■ **TASK REQUIREMENTS**
How do the lines below between the ones holding "Annika White Gloss" and "Дополнено: Volkswagen Taos", inclusive, read? Give them again exactly, with no other lines.

■ **GIVEN ENTRIES**
# # # # # # #

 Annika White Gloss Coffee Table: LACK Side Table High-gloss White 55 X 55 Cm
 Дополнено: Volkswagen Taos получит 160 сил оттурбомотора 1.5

# # # # # # #

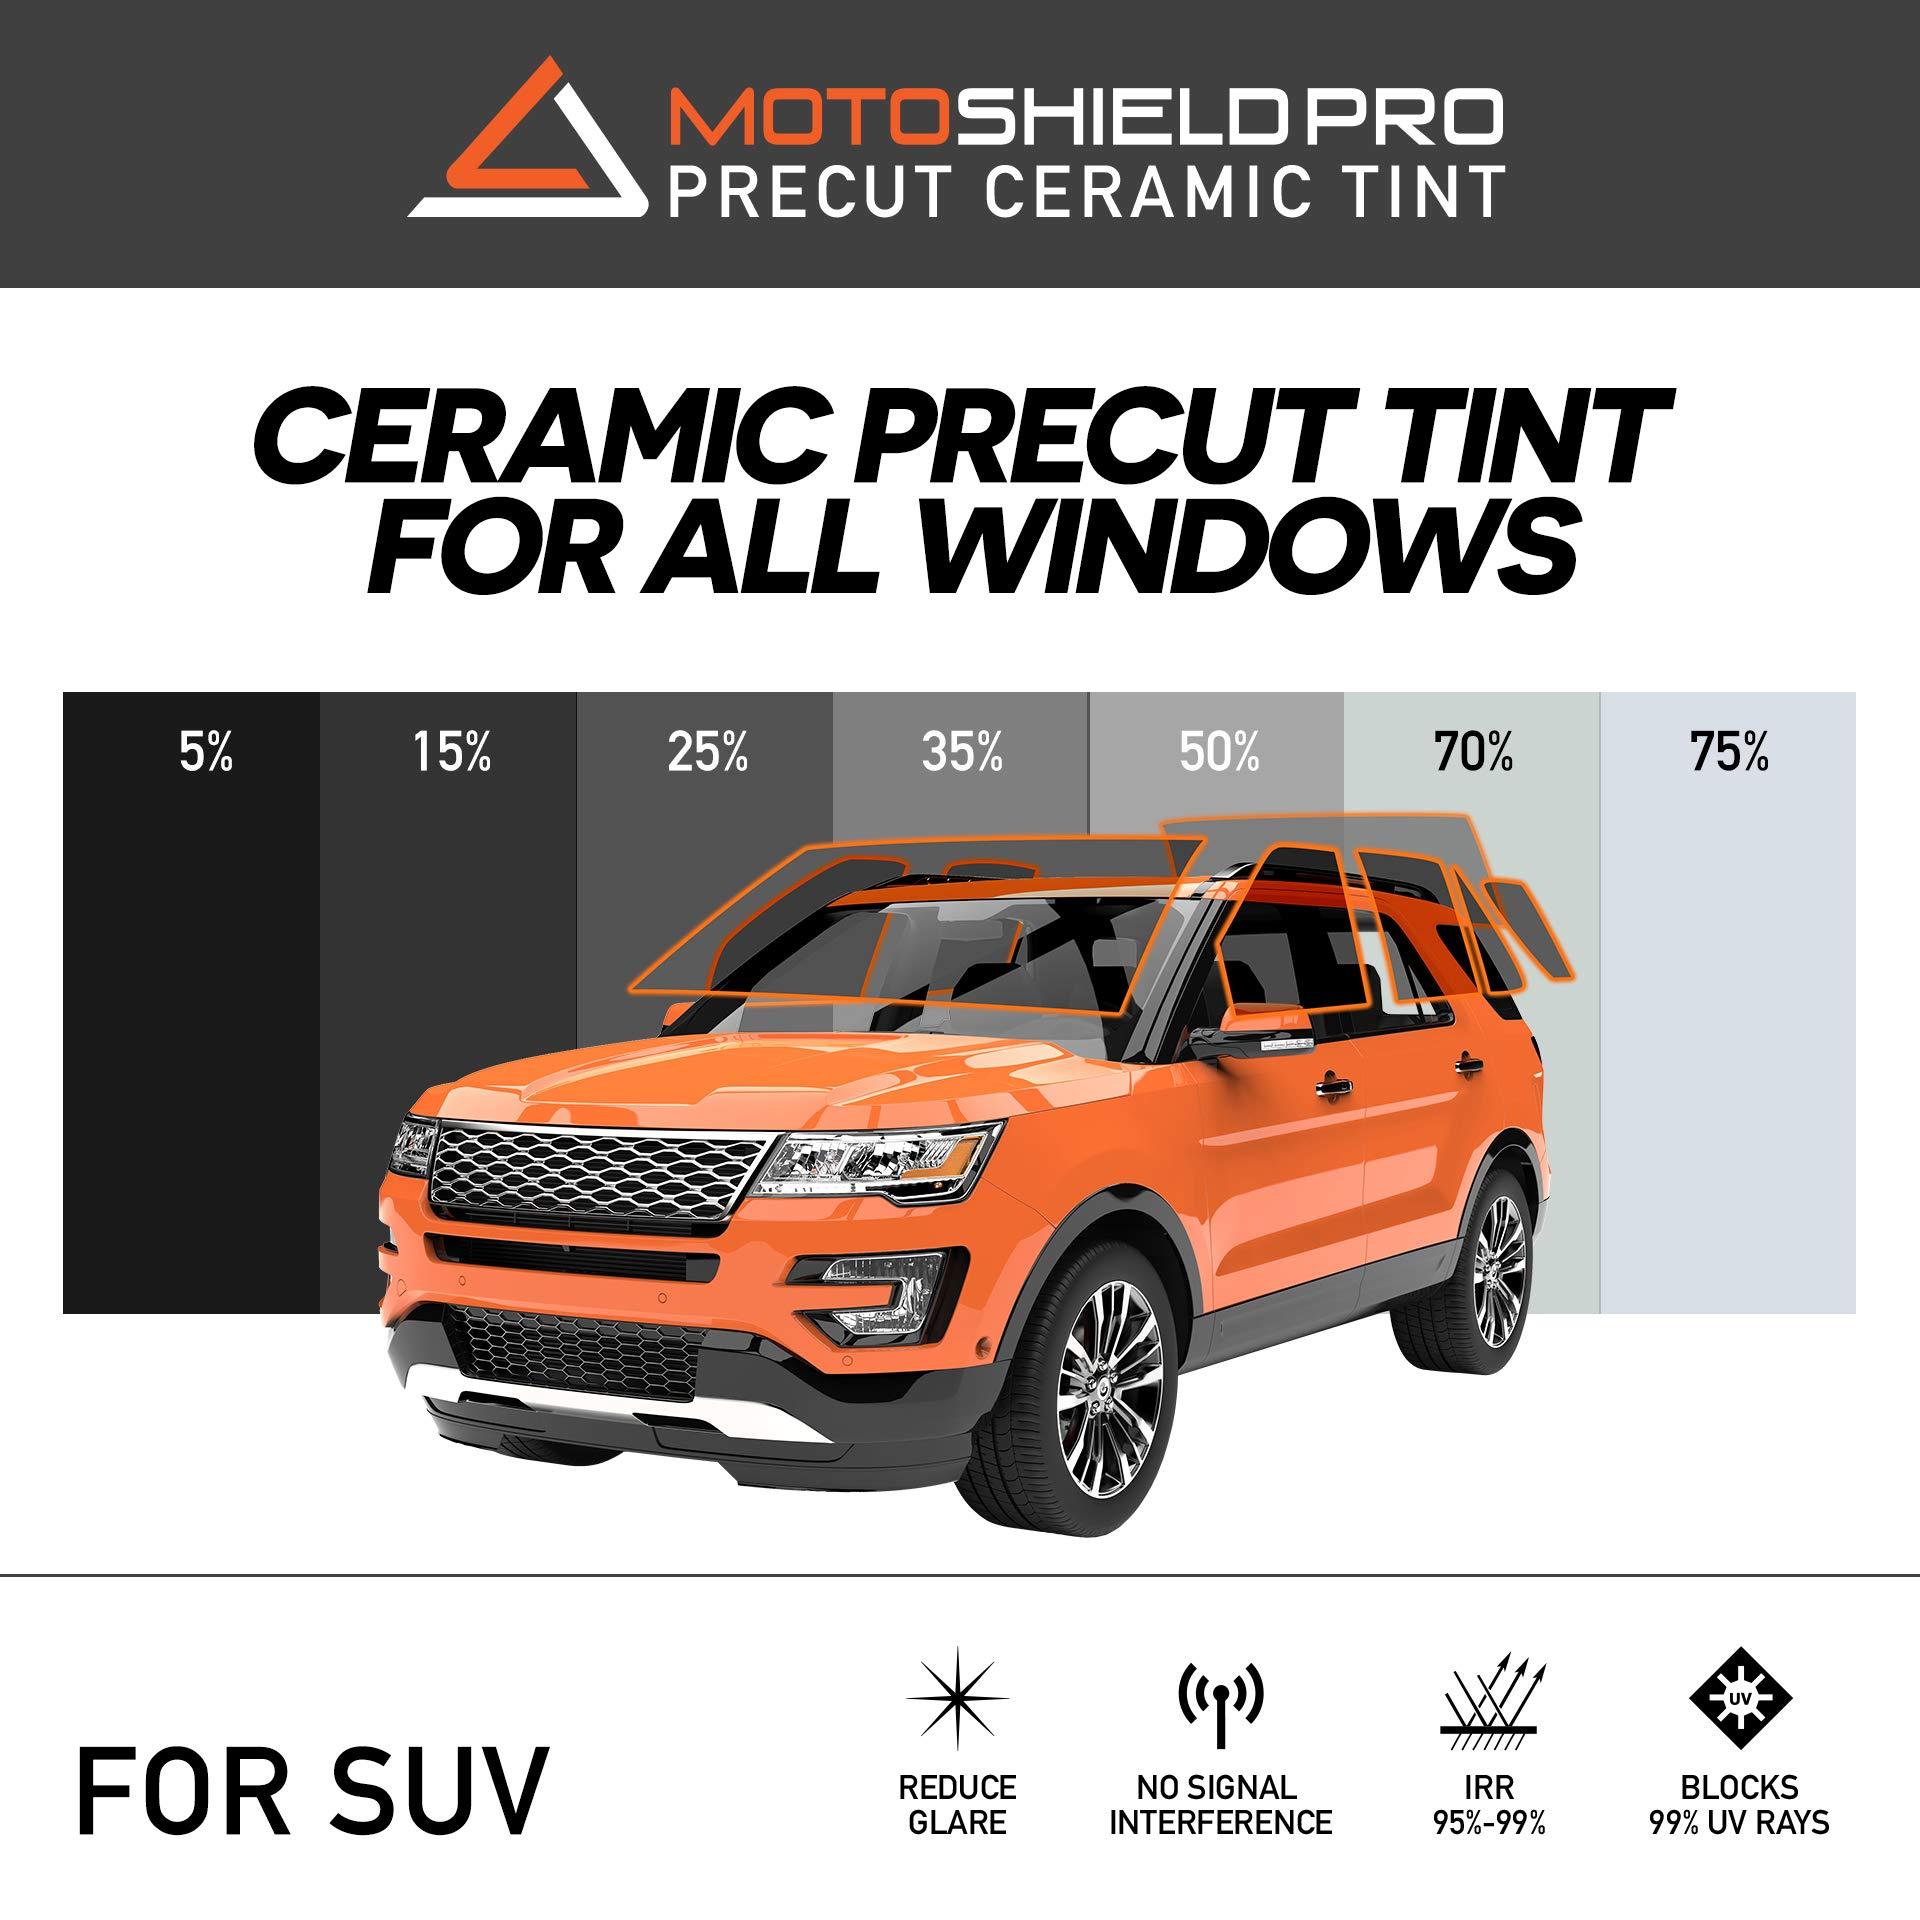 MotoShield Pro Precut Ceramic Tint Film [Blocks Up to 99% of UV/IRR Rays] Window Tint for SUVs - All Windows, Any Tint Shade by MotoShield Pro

# # # # # # #

■ **WRITTEN SOLUTION**
 Annika White Gloss Coffee Table: LACK Side Table High-gloss White 55 X 55 Cm
 Дополнено: Volkswagen Taos получит 160 сил оттурбомотора 1.5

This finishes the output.